Computing the derivative gives us \( f'(x) = 6x^2 + 2x - 1 \). Critical numbers occur where the derivative is zero or undefined. Since the derivative is a polynomial, it is always defined, so we only need to find where \( f'(x) = 0 \).
Solving the equation \( 6x^2 + 2x - 1 = 0 \) using the quadratic formula, \( x = \frac{-b \pm \sqrt{b^2 - 4ac}}{2a} \), reveals the critical numbers: \( x = \frac{-1 \pm \sqrt{7}}{6} \). These are the x-values where the graph might have peaks or valleys.

Increasing and Decreasing Intervals

Once we have the critical numbers, we can use them to find where the function is increasing or decreasing. This involves testing the sign of the derivative \( f'(x) \) in the intervals created by these critical numbers. In this exercise, we identified the critical numbers as \( x = \frac{-1 + \sqrt{7}}{6} \) and \( x = \frac{-1 - \sqrt{7}}{6} \).
We set up our number line with these points and choose test points in the intervals they define. For instance, pick \( x = -1 \) for the interval left of \( \frac{-1 - \sqrt{7}}{6} \), \( x = 0 \) for the interval between \( \frac{-1 - \sqrt{7}}{6} \) and \( \frac{-1 + \sqrt{7}}{6} \), and \( x = 1 \) for the interval right of \( \frac{-1 + \sqrt{7}}{6} \).
Evaluate the derivative at these test points:

• If \( f'(x) > 0 \), the function is increasing in that interval.
• If \( f'(x) < 0 \), the function is decreasing.

First Derivative Test

The First Derivative Test helps to determine the nature of critical points found in the previous steps. Specifically, it tells us whether these points are relative maxima, minima, or neither. We use the results from the sign test of \( f'(x) \) over each interval.
Here's how it works:

• If \( f'(x) \) changes from negative to positive as we pass a critical number from left to right, the function has a relative minimum at that point.
• If \( f'(x) \) changes from positive to negative, the function has a relative maximum.

Using the critical numbers \( x = \frac{-1 + \sqrt{7}}{6} \) and \( x = \frac{-1 - \sqrt{7}}{6} \), examine these transitions:
Determine the sign changes of \( f'(x) \) across these values to confirm whether they are relative maxima or minima.
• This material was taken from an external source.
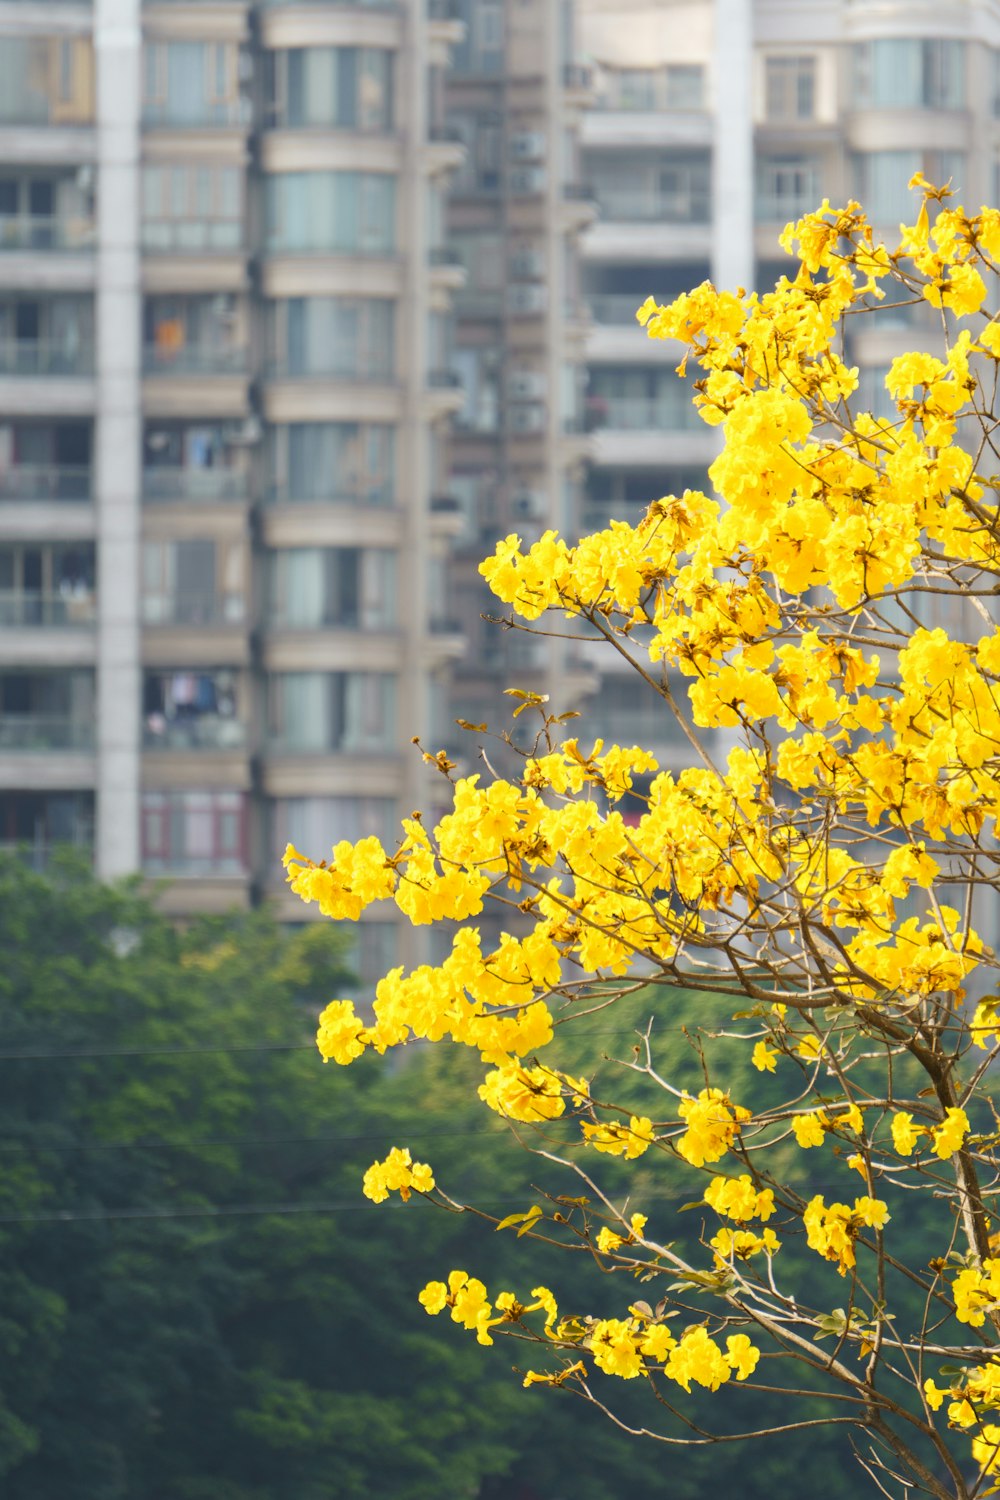 a tree with yellow flowers in front of a tall building

Polynomial Function Domain

Determining the domain of a polynomial function is straightforward, as these functions have no restrictions, such as division by zero or taking the square root of a negative number. This means polynomial functions are typically defined for all real numbers.
In this case, we examine \( f(x) = 2x^3 + x^2 - x + 3 \). Because it’s a polynomial, its domain is \( \mathbb{R} \). Simply put, you can plug any real number into this function, and it will yield a real output. This universal domain makes polynomial functions very versatile in calculus.